The petitioner filed a petition for a writ of Habeas corpus in the Circuit Court of Randolph County, the county in which he was incarcerated. The court denied the petition and voided that portion of the order entered by the Circuit Court of Christian County which granted credit for time served in the federal penitentiary. The petitioner appealed to our Supreme Court pursuant to what was in 1970, Supreme Court Rule 302(a)(3) (Ill.Rev.Stat.1969, ch. 110A, par. 302(a)). The Supreme Court released him on bond in December, 1970, pending the outcome of the appeal. On March 23, 1973, the Supreme Court transferred the cause to this court. Thus the petitioner has served only three months of his sentences after his guilty pleas were entered.
The transcript of the guilty plea proceedings in Christian County is not contained in the record and is unobtainable. Due to difficulties encountered by the petitioner in obtaining a record, it was not until July 1, 1974, that a record was filed in this court.
The petitioner contends that the Circuit Court of Randolph County erroneously voided that portion of the order entered by the Circuit Court of Christian County which credited the defendant for time served in the federal penitentiary prior to imposition of sentences for the instant offenses. We note that the resolution of this question necessarily depends upon whether the Circuit Court of Randolph County had the authority under the circumstances to void only a portion of the judgment entered by the Circuit Court of Christian County. Before reaching the question of Randolph County's authority, however, we address the issue whether the Randolph County Circuit Court properly dismissed the Habeas corpus petition.
It is well settled that habeas corpus is not an available remedy to review errors of a non-jurisdictional nature, but it has been employed where the original judgment was totally void or where there has been some occurrence subsequent to the conviction which entitles the defendant to immediate release. People ex rel. Lewis v. Frye, 42 Ill.2d 58, 245 N.E.2d 483; People ex rel. Kelley v. Frye, 41 Ill.2d 287, 242 N.E.2d 261; People v. Matthews, 17 Ill.App.3d 395, 308 N.E.2d 230. In the instant case the petitioner apparently alleges that the refusal of the Department of Corrections to give him credit for time served in the federal penitentiary as ordered by the trial court constitutes an act entitling him to release. Under this theory, however, the petitioner could not argue that his entire conviction or sentence was void, but only that his sentence beyond a certain period of time was void.

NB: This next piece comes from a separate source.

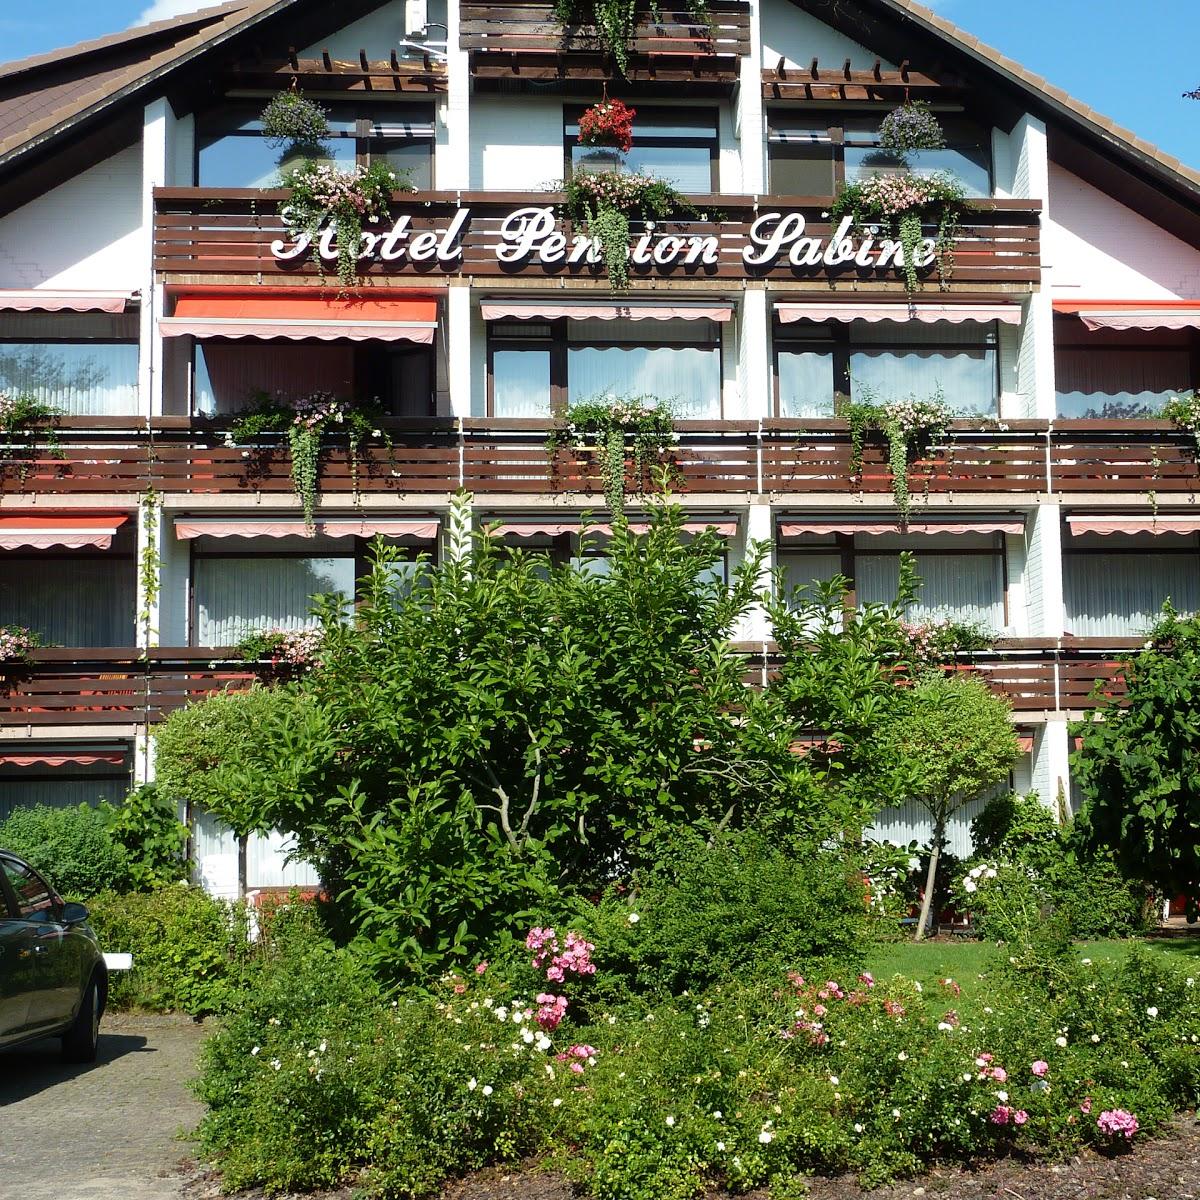 Restaurant "Hotel - Pension Sabine" in Bad Bevensen

The defendant maintains that the Circuit Court of Christian County intended to impose a sentence of seven to eight years with credit for five years, six months and fourteen days for time spent in federal prison, in effect a sentence of from one year, five months and sixteen days to two years, five months and sixteen days. Assuming the defendant is correct in this contention, habeas corpus is still not an available remedy to reduce the sentence imposed. It is well settled that the...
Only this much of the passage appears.